L’ampio uso di interferoni e più segnatamente di IFN β-1b non supporta l’associazione tra terapia con IFN β e la depressione. Una revisione sistematica di 10 studi ha rilevato la mancanza di un’associazione tra depressione e terapia con IFN β. Tre studi su 10, invece, hanno mostrato che i pazienti con pregressa diagnosi di depressione potrebbero sviluppare un episodio depressivo maggiore durante i primi 6 mesi di trattamento.21
Il ruolo di IFN β nel panorama terapeutico della SM - Escalation versus terapia ad alta efficacia
Le terapie modificanti il decorso della malattia (DMTs), variano in termini di efficacia, profilo di sicurezza, modalità e facilità di somministrazione.22 Il beneficio del trattamento precoce nella SM evidenzia l’importanza della scelta della terapia sin dalle prime fasi della malattia.23
Sono molti i fattori che incidono sulla scelta del trattamento; tra questi trovano un ruolo non trascurabile, oltre agli aspetti più precipuamente riconducibili allo stato e al decorso della malattia, età, sesso, potenziale fertile, condizioni di comorbidità precedenti l’uso di DMTs, tollerabilità e costi. L’approccio terapeutico più comunemente considerato è quello di utilizzare una prima linea di terapia modificante il decorso, cui si attribuiscono caratteristiche di maggiore sicurezza e profilo di moderata efficacia (rispetto alle DMT ad alta efficacia), seguito da un periodo di monitoraggio della evoluzione clinica e di escalation verso un trattamento più efficace, se e quando l’attività della malattia lo richiede.24
Tuttavia, rovesciando l’ipotetica piramide temporale, I linea seguita da II linea, con un approccio che vede sin dall’inizio la II linea, ovvero trattando precocemente il paziente con terapie ad alta efficacia, si potrebbe prevenire l’accumulo di danni irreversibili del sistema nervoso centrale, persino nel lungo termine.25 Va sottolineato, però, che le terapie ad alta efficacia possono essere associate a maggiore rischio di eventi avversi.25 Pertanto, la decisione se iniziare il trattamento con farmaci ad alta efficacia o passare alla seconda linea in seguito deve essere opportunamente ed accuratamente valutata in termini di rapporto rischio/beneficio.

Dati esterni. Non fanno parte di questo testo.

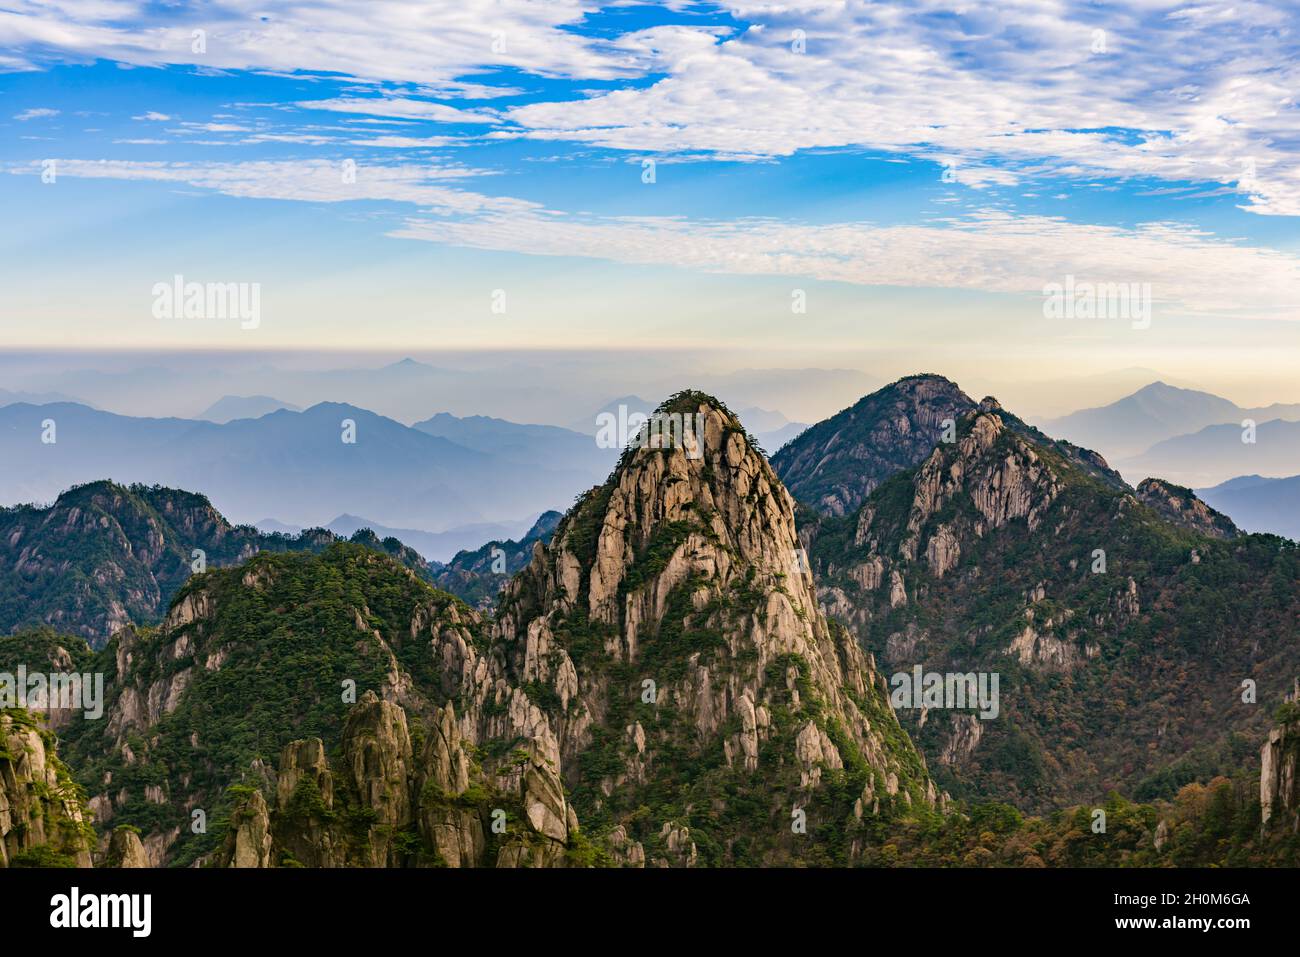 Morning view of mountain range, peak of Mount Huangshan, Anhui, China Stock Photo
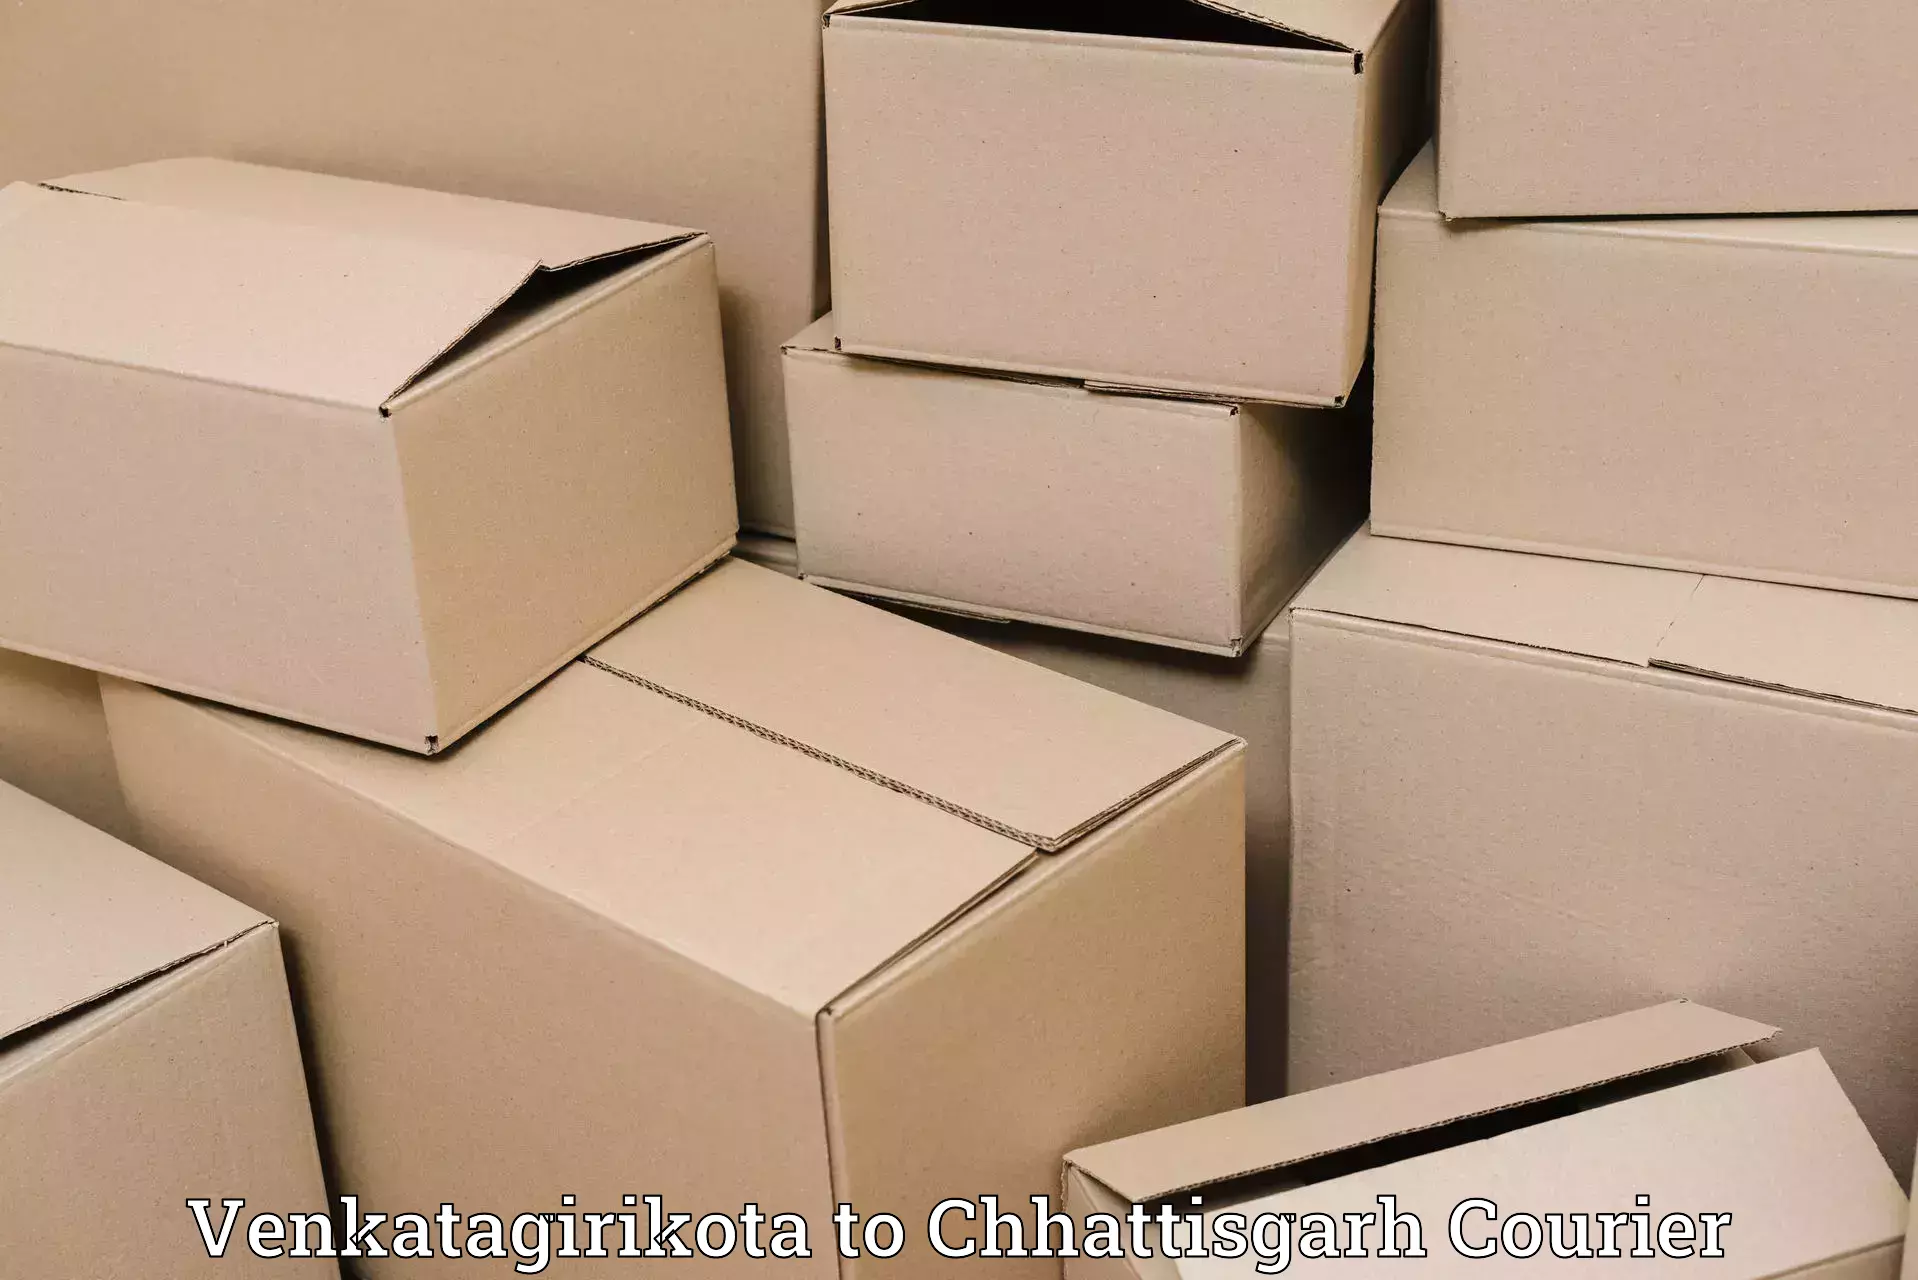 Luggage delivery logistics Venkatagirikota to Chhattisgarh

Nel corso degli ultimi 2 anni si è assistito alla pandemia SARS-CoV-2; è noto che l’interferone possiede attività antivirali (come precedentemente riportato) e che non altera affatto la risposta anticorpale ai comuni vaccini, inclusa la risposta anticorpale ai vaccini adottati per contrastare il Covid-19. Di contro, gli anti-CD20, il fingolimod e altri farmaci immunosoppressivi (ozanimod, ponesimod, alemtuzumab) alterano la risposta anticorpale sierologica, non facendola montare quasi del tutto e inducono i clinici a ritardare la somministrazione di DMTs. Anche in quest’ottica l’IFN β-1b potrebbe essere una valida alternativa ponte.26
Setting di pazienti che potrebbero trarre maggiore beneficio dal trattamento con IFN β
Sindrome Clinicamente Isolata di malattia demielinizzante
Si è accennato prima all’impiego precoce dei farmaci modificanti il decorso della malattia, in quei pazienti che non soddisfano ancora i criteri della diagnosi di SM e che sono classificati come affetti da Sindrome Clinicamente Isolata di malattia demielinizzante. Tutti gli studi di settore, incluso il BENEFIT che ha studiato questo effetto in pazienti esposti a placebo o IFN β-1b, hanno dimostrato un netto ritardo nella conversione a sclerosi multipla definita in quei pazienti che erano stati randomizzati sin dall’inizio a trattamento con IFN β-1b (Tabella 1).27,28
Gravidanza
Gli IFN (interferoni) sono ben tollerati in gravidanza e in donne che allattano. Altri DMTs, invece, sono controindicati prima/durante la gravidanza (fingolimod o teriflunomide). Pazienti trattati con questi farmaci, potrebbero fruire di un periodo “ponte” che sfrutti l’utilizzo di IFN β e la sospensione dei farmaci controindicati nel periodo periconcezionale e di gestazione.29,30
L’AIFA ha già revocato da un anno la controindicazione di non uso in gravidanza nel Riassunto delle Caratteristiche di Prodotto degli IFN β.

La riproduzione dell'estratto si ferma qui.